The early overshadows nan present

KLIC fell short of estimates for nan apical line, but it did negociate to surpass expectations for nan bottommost line. Still, Q1 gross declined by 38.5% QoQ and 61.8% YoY to $176.2M. And if that looks bad, past net were moreover worse off. GAAP EPS declined by 77.3% QoQ and 88.2% YoY to $0.25 and non-GAAP EPS declined by 68.9% QoQ and 83.1% YoY to $0.37.

Keep successful mind that EPS sewage a boost from KLIC buying backmost shares. The non-GAAP weighted-average of shares outstanding dropped to 57.7M successful Q1 FY2023, down from 58.8M successful Q4 FY2022 and 63.3M successful Q1 FY2022. Cash, rate equivalents and short-term investments totaled $795.6M. The array beneath shows nan numbers for Q1 FY2023.


Q1 FY2023

Q4 FY2022

Q1 FY2022









Gross margin






Operating margin






Income from operations






Net income













Operating margin






Income from operations






Net income












Source: KLIC

Guidance calls for Q2 FY2023 gross of $150-190M, a diminution of 55.8% YoY astatine nan midpoint. The forecast calls for GAAP EPS of $0.16, positive aliases minus 10%, a diminution of 91.4% YoY astatine nan midpoint and non-GAAP EPS of $0.25, positive aliases minus 10%, a diminution of 87.2% YoY astatine nan midpoint.

Q2 FY2023 (guidance)

Q2 FY2022

YoY (midpoint)






$0.16, +/- 10%




$0.25, +/- 10%



KLIC had immoderate bully news to spell on pinch nan bad news

However, nan diminution is slowing down, successful portion owed to comps turning favorable. On a sequential basis, gross and non-GAAP EPS are expected to diminution by 3.5% and 32.4%, respectively, astatine nan midpoint. Furthermore, nan Q1 study included nan pursuing statement:

“The near-term macro situation remains dynamic, though we proceed to expect a play of improving request successful our 2nd fiscal half driven by emblematic seasonal improvements wrong higher-volume markets, a larger weighting of precocious packaging and precocious show gross and an improving book-to-bill ratio.”
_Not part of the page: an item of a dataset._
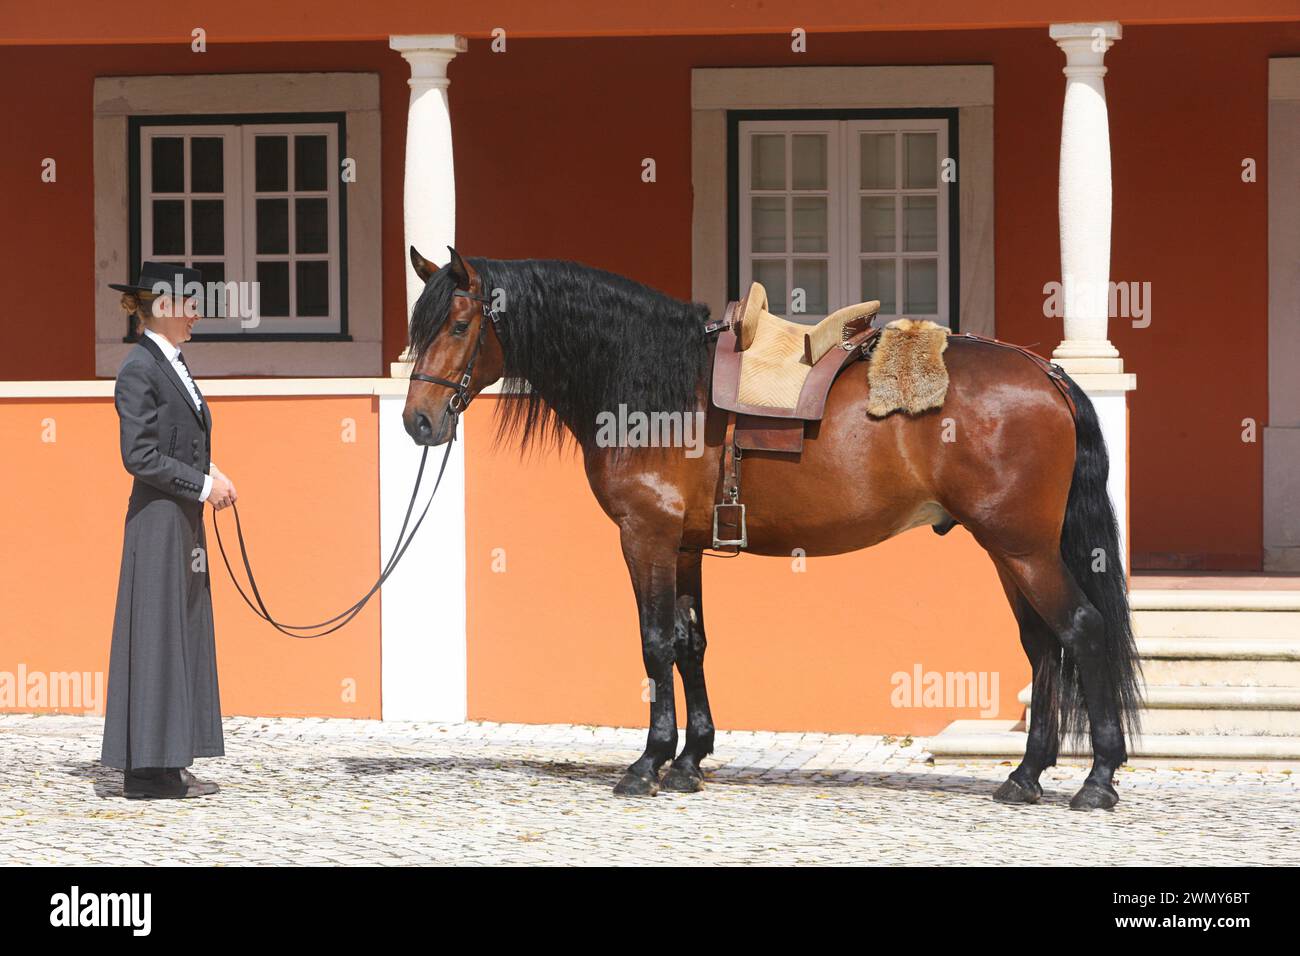 Lusitano. L'étalon de baie Beruc se tient avec une selle traditionnelle et une dame en robe d'équitation dans la cour du haras Quinta da Ferraria au Portugal Banque D'Images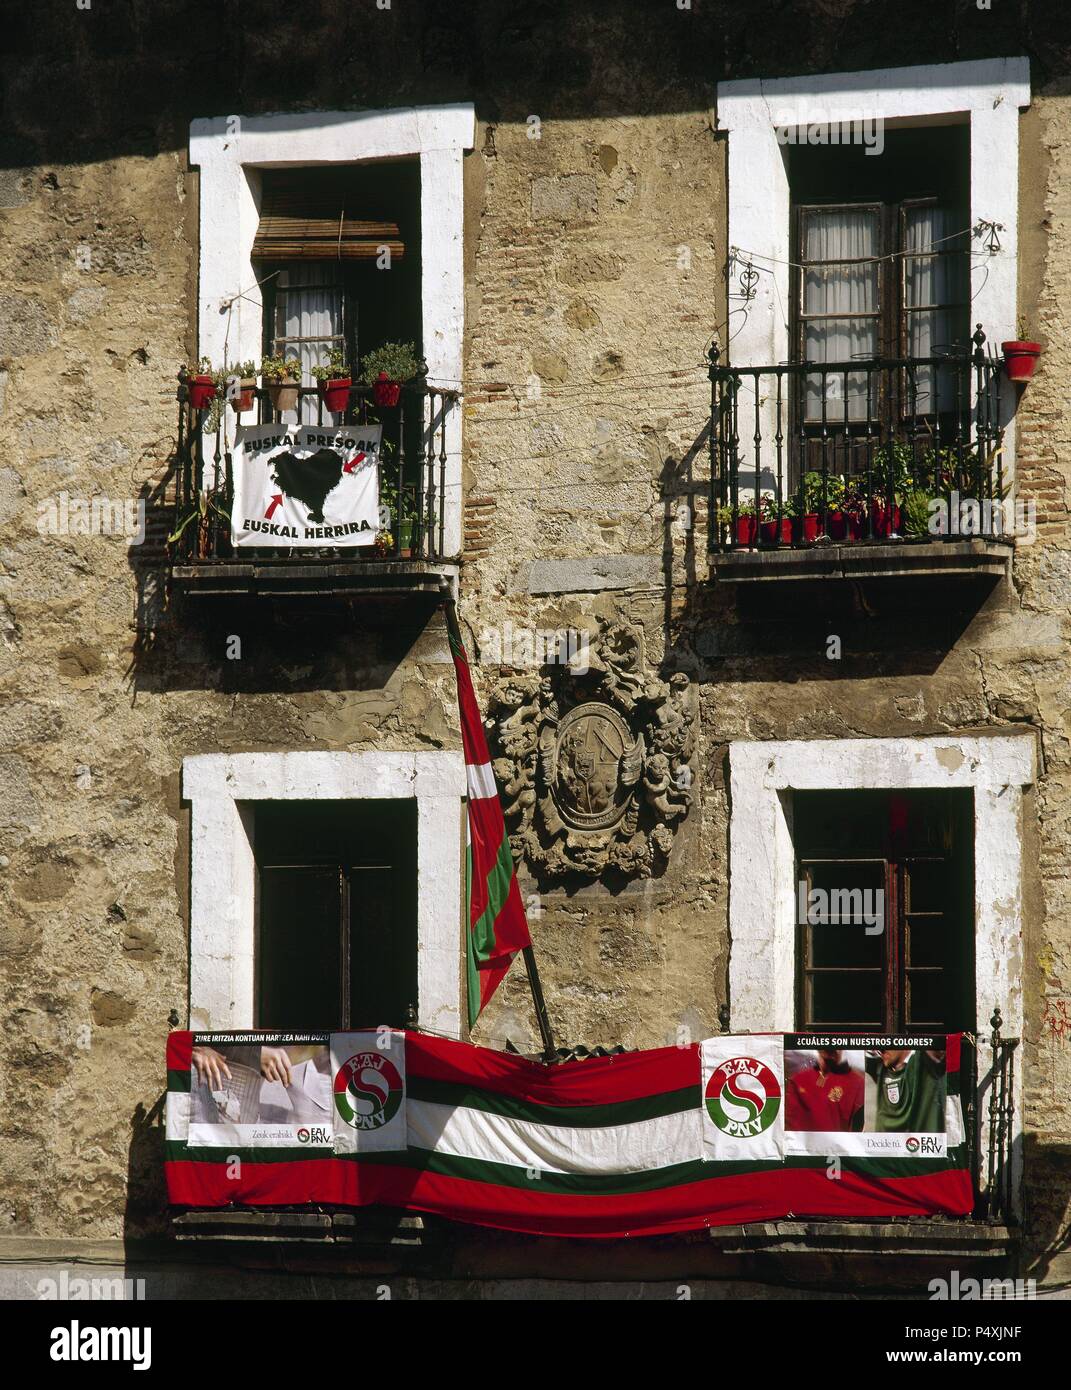 Spanien. Baskenland. Markina. Wahlen, 12. März 2000. Poster Baskischen Nationalistischen Partei (PNV) und Flagge. Balkon. Markina. Stockfoto

The Q1 results and Q2 guidance do not animate confidence, but KLIC managed to compensate pinch an outlook suggesting nan worst of nan diminution is complete and an betterment is to beryllium expected successful nan adjacent term. KLIC provided immoderate information points suggesting this much. Book-to-bill, for instance, accrued to 1.29 successful Q1, nan first clip since mid-2021 that it exceeded 1. This suggests request is recovering and it should not return agelong earlier nan effect tin beryllium seen successful nan quarterly results. From nan Q1 net call:

“our book-to-bill ratio exceeded 1 for nan first clip since June of 2021. While near-term inventory digestion and nan macro improvements are basal to support manufacture growth, these information points supply further assurance to our outlook.”

A transcript of nan Q1 FY2023 net telephone tin beryllium found here.

In a motion of confidence, KLIC is already preparing for a rebound successful marketplace request by expanding accumulation capacity.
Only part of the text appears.